-- ENTRIES PROVIDED follows --
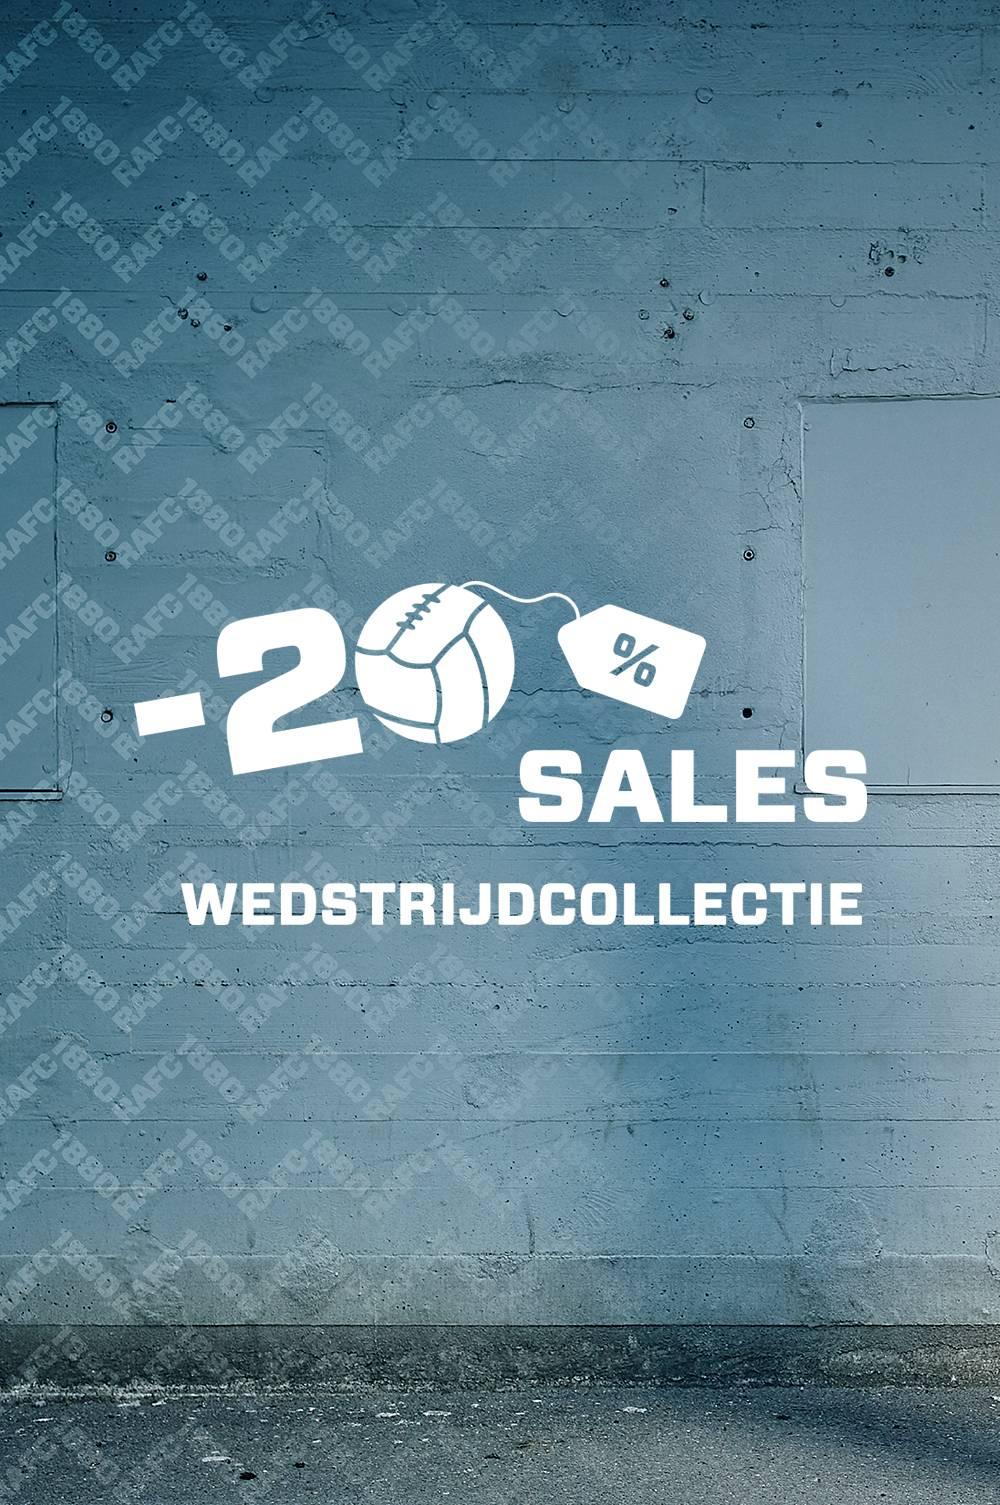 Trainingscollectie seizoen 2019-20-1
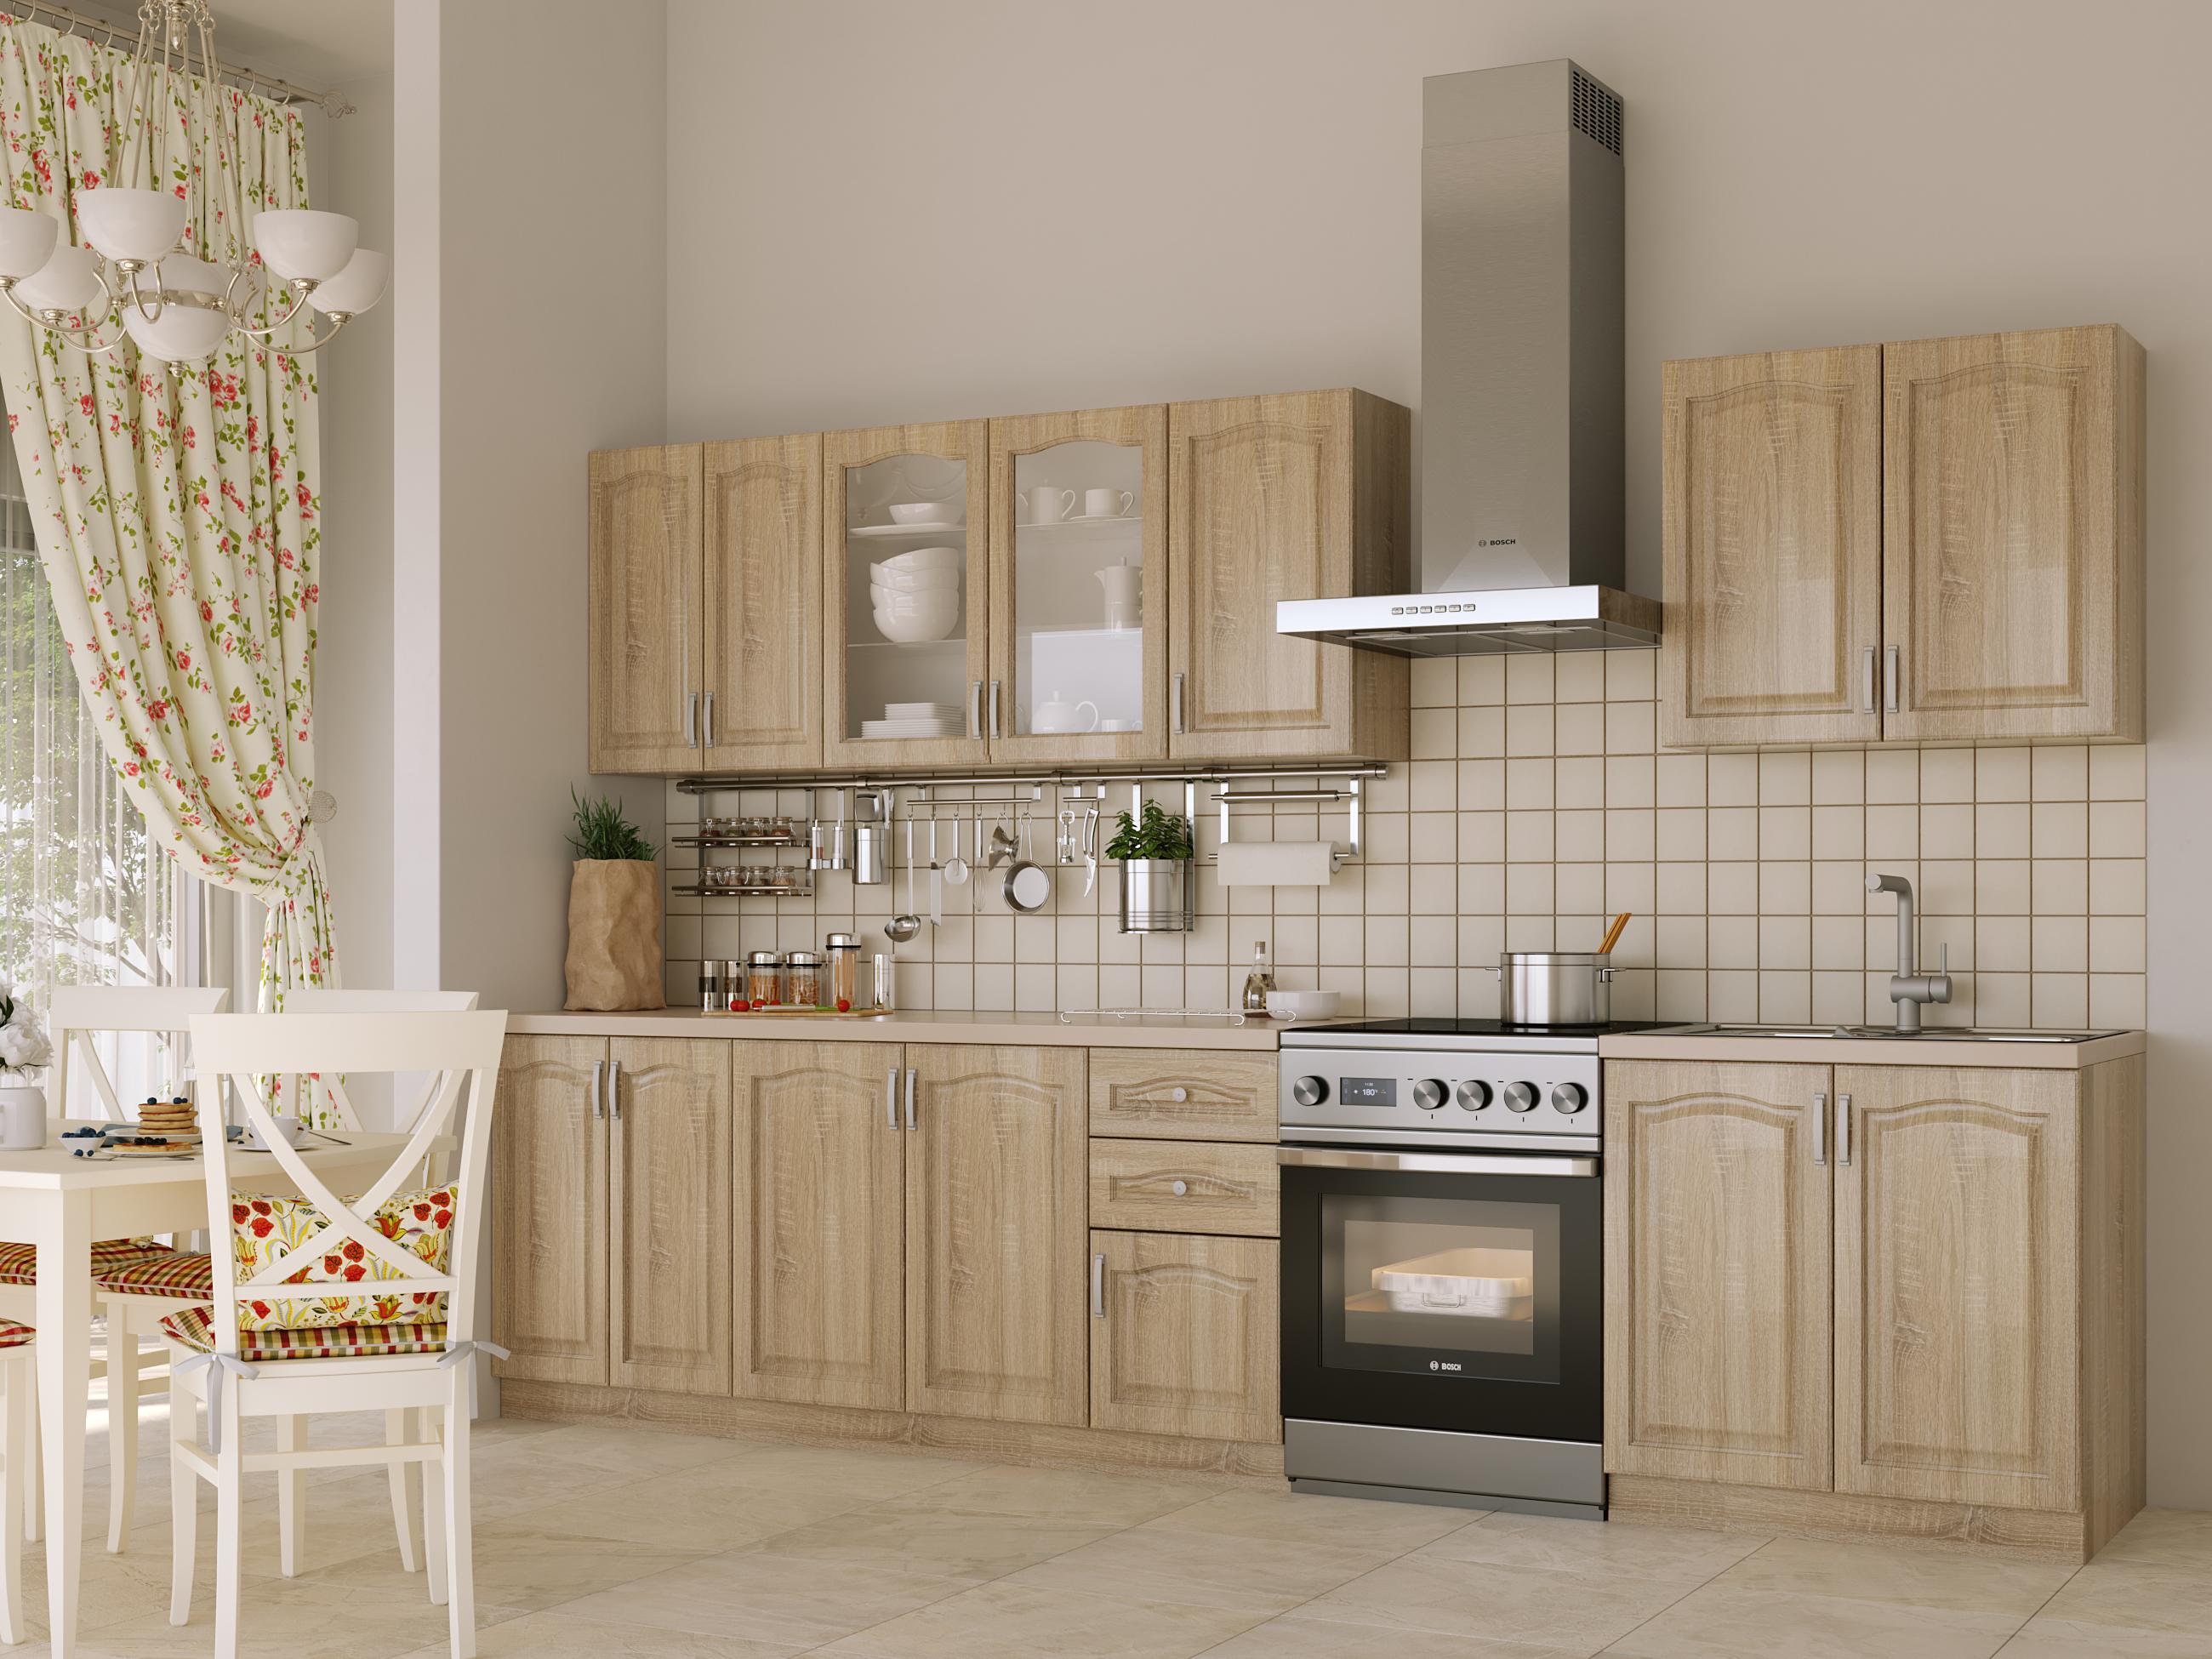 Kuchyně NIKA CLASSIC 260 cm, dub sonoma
-- ENTRIES PROVIDED concluded --
-- ENTRIES PROVIDED follows --
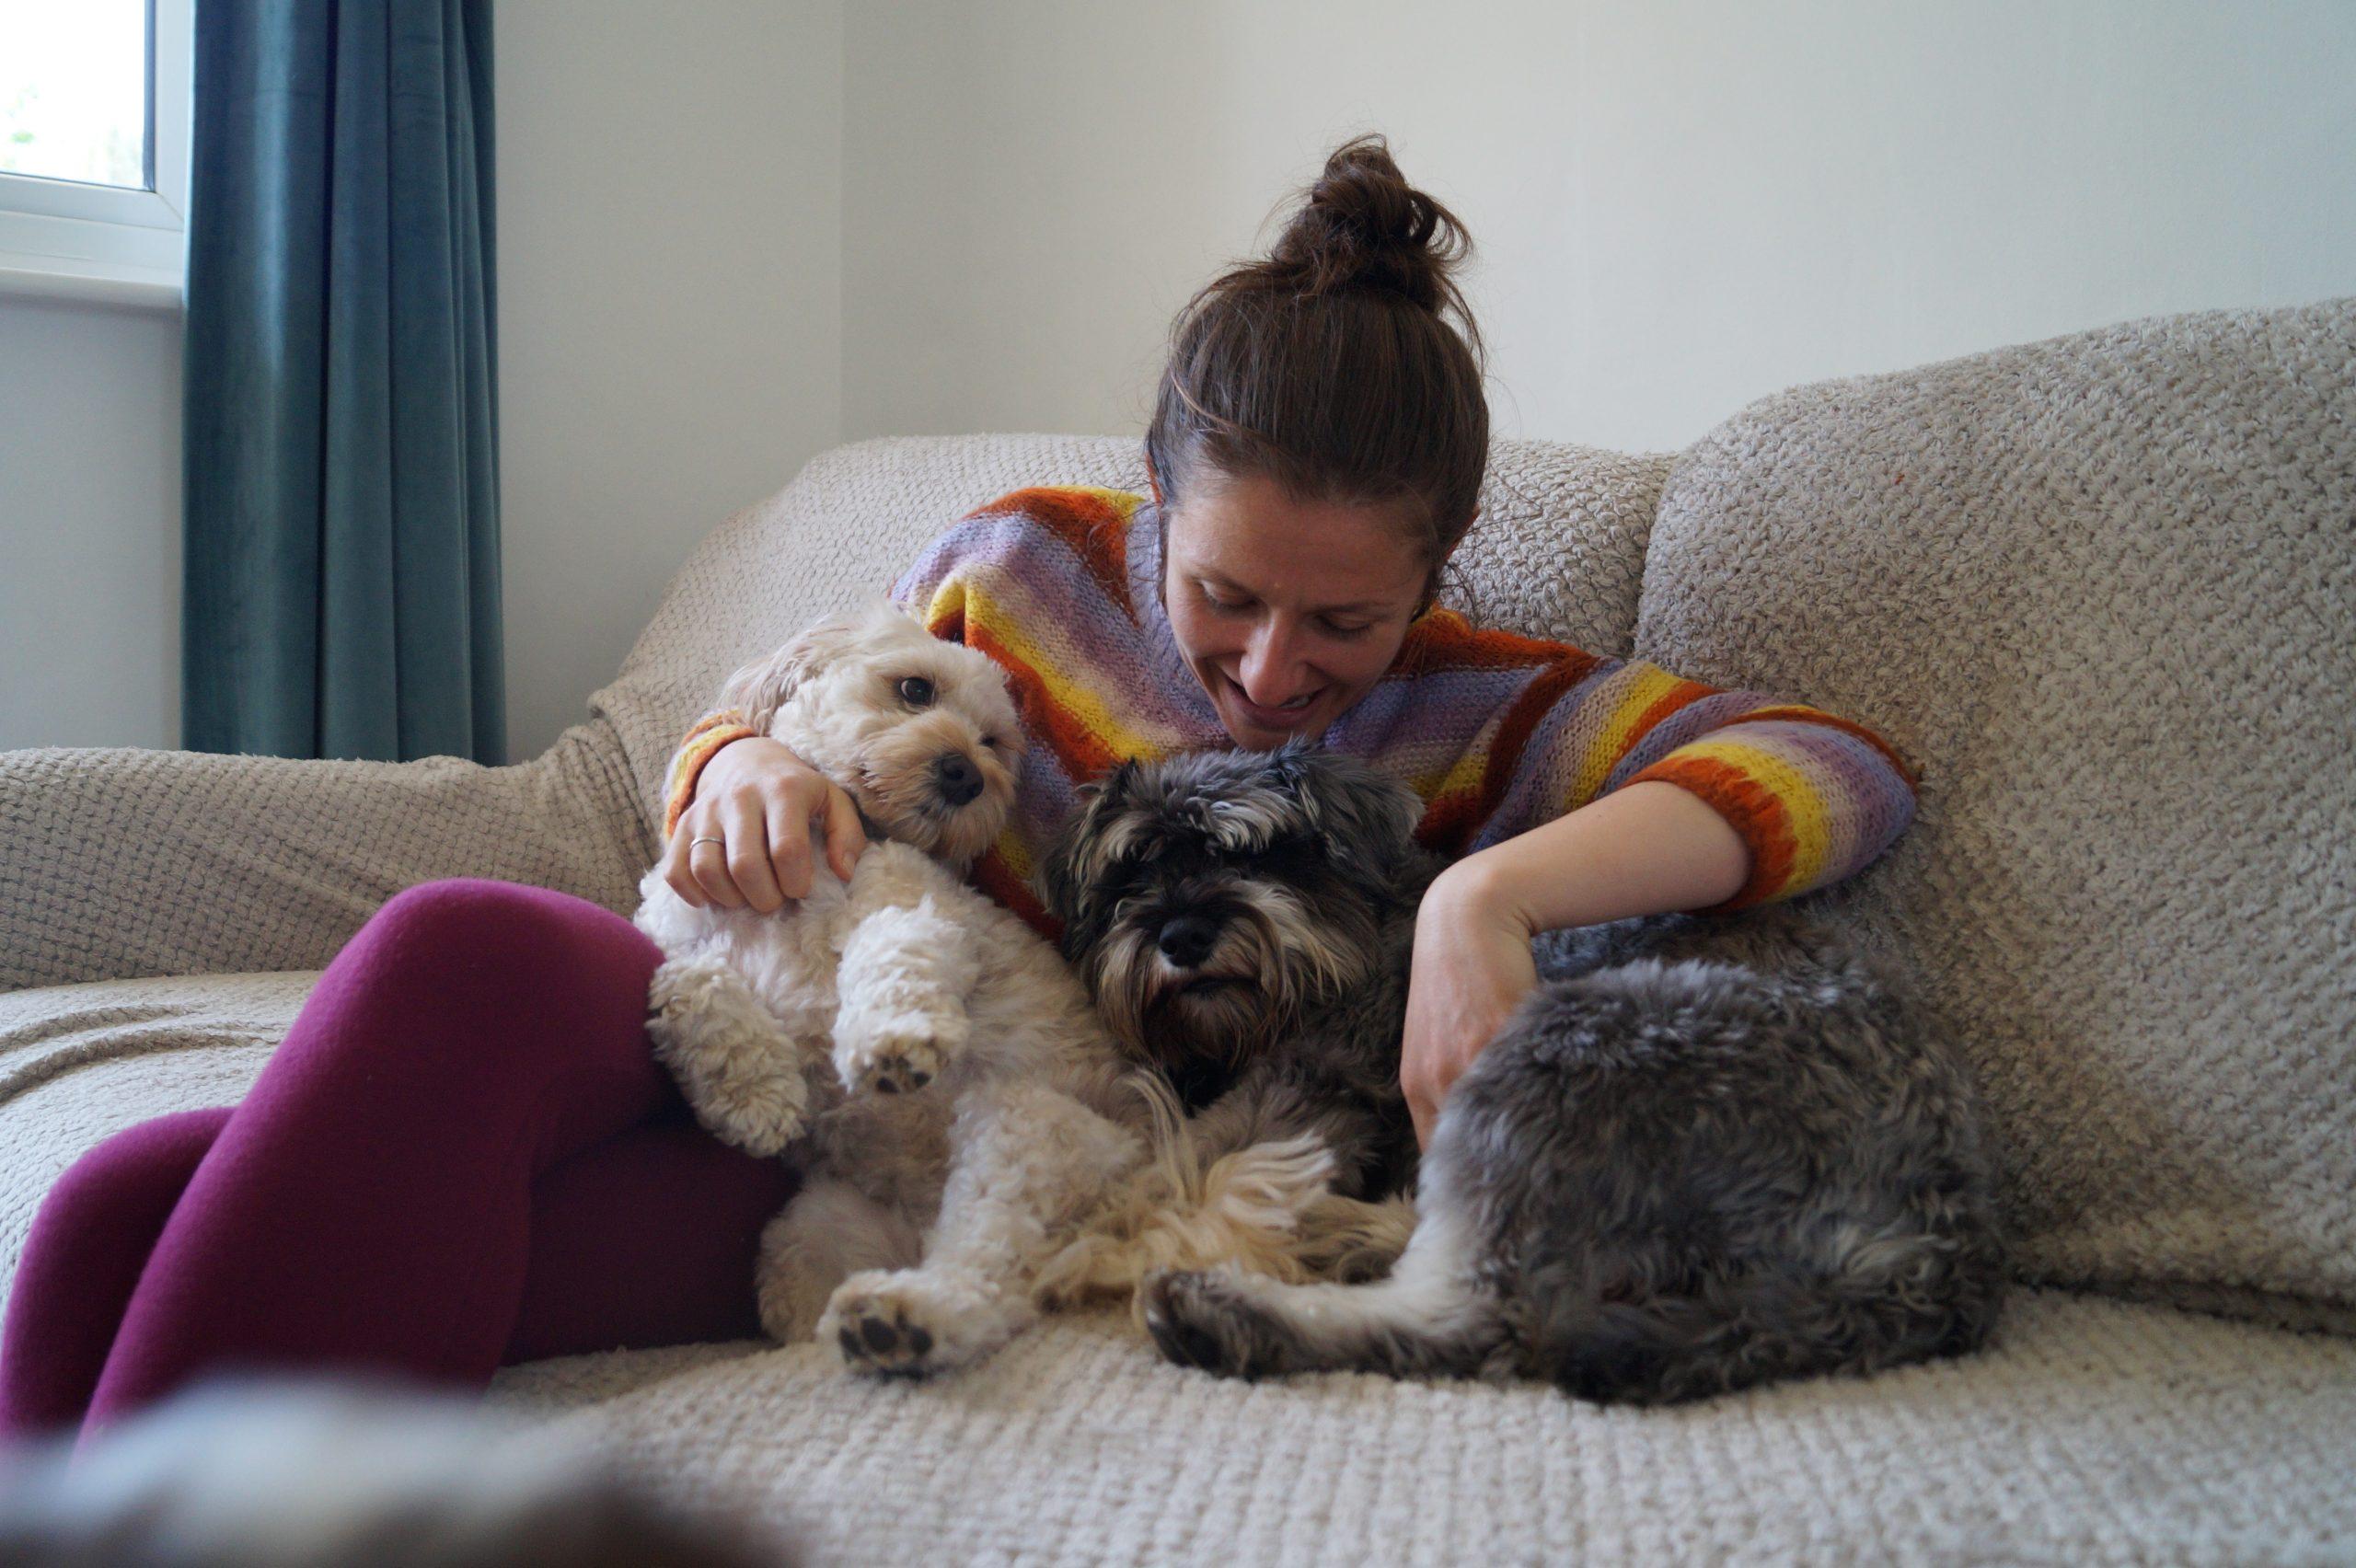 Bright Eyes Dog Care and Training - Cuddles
-- ENTRIES PROVIDED concluded --
-- ENTRIES PROVIDED follows --
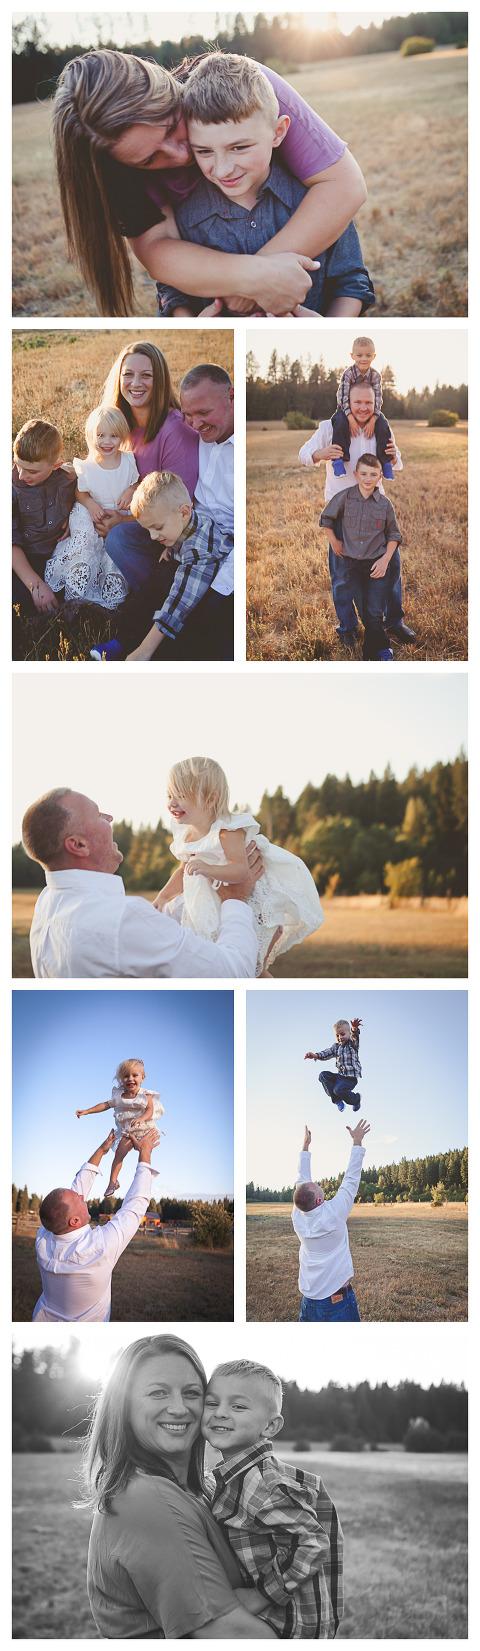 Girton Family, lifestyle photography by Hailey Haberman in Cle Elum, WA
-- ENTRIES PROVIDED concluded --
TASK REQUIREMENTS:
Transcribe, word for word, the stretch of lines in the data above from the one with "Trainingscollectie seizoen 2019-20-1" through the one with "Kuchyně NIKA CLASSIC 260 cm, dub sonoma"; omit all pictures.

RESULT:
 Trainingscollectie seizoen 2019-20-1
 Kuchyně NIKA CLASSIC 260 cm, dub sonoma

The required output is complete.